Komende evenementen

Europese top 28-29 juni 2012: de “stille revolutie” in een stroomversnelling

door Herman Michiel

“De Partij van de Europese Socialisten (PES) verwelkomt het veelbelovende resultaat van de Europese Top en de toezegging om concrete maatregelen te treffen om de crisis aan te pakken. Het is een overweldigende overwinning voor de progressieve agenda zoals hij in de voorbije jaren door de socialistische en sociaal-democratische familie werd opgesteld.”

Dat waren woorden van Sergei Stanishev, voorzitter van de Partij van de Europese Socialisten (PES) na afloop van de top. Zou er dan eindelijk een positieve wending zijn in de hoogste EU-regionen, meer zelfs, een overweldigende overwinning voor de progressieve agenda?

Laat ons eerst  overlopen wat er aanleiding zou kunnen geven tot dergelijke euforie. Dat zal ons enthousiasme al ettelijke graden doen dalen; maar als we het daarna zullen hebben over de echte “innovatie” op deze top, het  weinig gemediatiseerde plan Van Rompuy, pas dan krijgen we het echt koud. Een blauwdruk voor de sociale en democratische winter ligt op de Europese tekentafels, en zij die ons politiek moeten vertegenwoordigen vinden dit nog  veelbelovend ook!

“Groeipact”

Als we het zouden geloven, dan waait er een nieuwe wind door Europa sinds de verkiezing van François Hollande als president van Frankrijk. Daardoor zou er een einde komen aan de eenzijdige soberheidspolitiek en komt de economische groei terug op de agenda. En zie, op de top van eind juni werd er een “Groeipact” goedgekeurd. Leg dit Groeipact in de ene schaal, en het Begrotingspact in de andere, en de balans is weer in evenwicht, zo luidt de boodschap. Of zoals SPD-voorzitter Sigmar Gabriel het stelde: het gaat niet over een verandering van het begrotingspact, maar om de vervollediging ervan, initiatieven voor groei en tewerkstelling.
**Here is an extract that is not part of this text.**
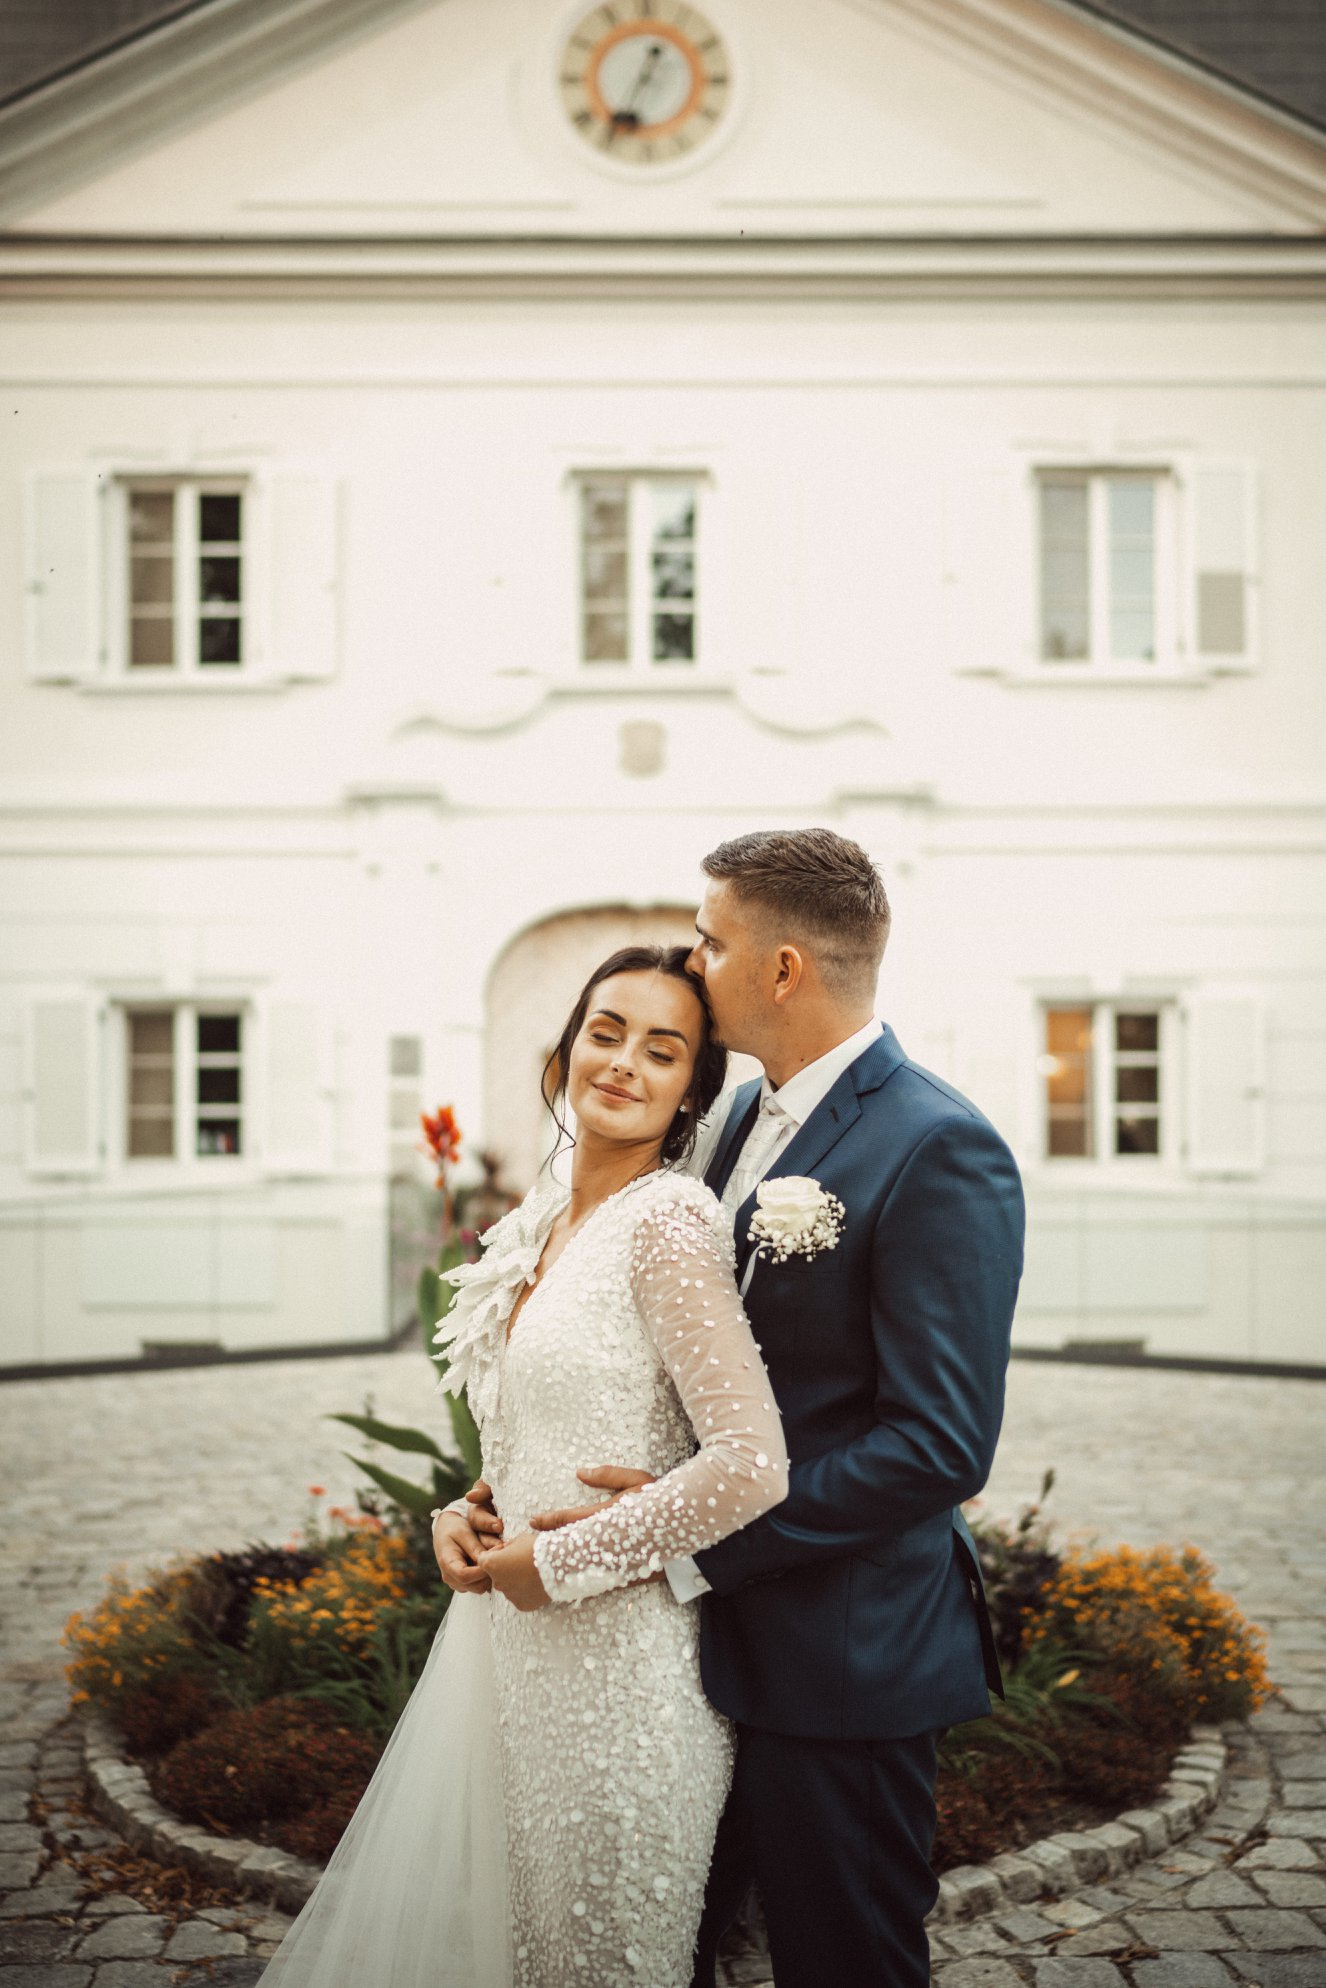 miesto-na-svadbu-zilinajpg
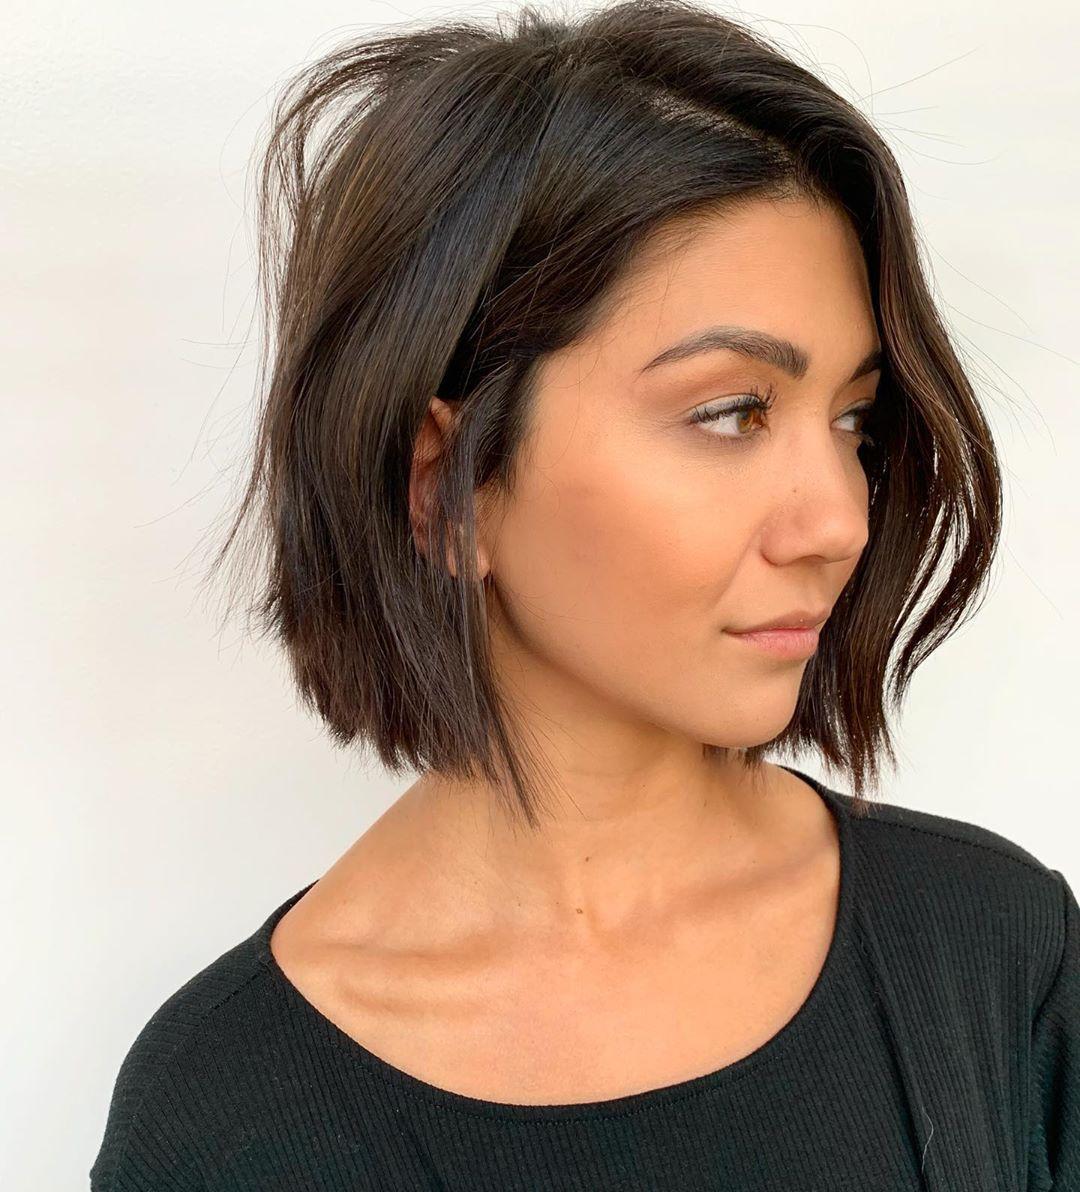 39+ High volume bob hairstyles ideas in 2021

Wat houdt dit Groeipact, deze pasmunt voor het Begrotingspact en de vele andere punten van de neoliberale agenda nu precies in?
Er zou een enveloppe komen van  130 miljard euro voor investeringen in “toekomstgerichte sectoren” en om bedrijven gemakkelijker aan krediet te helpen. Een bedrag van 130 miljard euro is weliswaar slechts 1% van het Europees bruto binnenlands product (BBP), en slechts een peulschil in vergelijking met wat reeds door overheden en de Europese Centrale Bank naar de bankensector werd toegeschoven, maar het zijn miljarden die niet moeten bespaard, maar die geïnvesteerd worden! Toch noemt Daniel Gros, directeur van het Centre for European Policy Studies (CEPS) dit niet méér dan “oude wijn in nieuwe zakken”. Waarom? Vooreerst is de kleine helft van dit bedrag (55 miljard) geen extra geld, maar het voorziene budget van 2013 van de Europese structuurfondsen. De operatie bestaat er dan in dat de bestemming van dit geld geheroriënteerd wordt naar de “toekomstgerichte sectoren”. De tweede truc verloopt via de Europese investeringsbank EIB. Als het kapitaal ervan met 10 miljard verhoogd wordt, kan, zoals het een bank betaamt, de befaamde hefboom in werking treden. Dan kan vier jaar lang jaarlijks 15 miljard euro uitgeleend worden. Men hoopt zelfs de hefboom nog heel wat langer te maken door te investeren via publiek-private samenwerkingscontracten (PPS), waarbij de private sector zelf met geld over de brug komt (wishful thinking, zegt Gros). En om de 130 miljard rond te maken is er een derde truc, projectobligaties genoemd (project bonds). Ook hier wordt gerekend op de wonderbaarlijke vermenigvuldiging der miljarden. Door één miljard in een waarborgfonds te stoppen, zouden private investeerders goedkoper kunnen lenen en hierdoor aangezet worden tot nieuwe investeringen.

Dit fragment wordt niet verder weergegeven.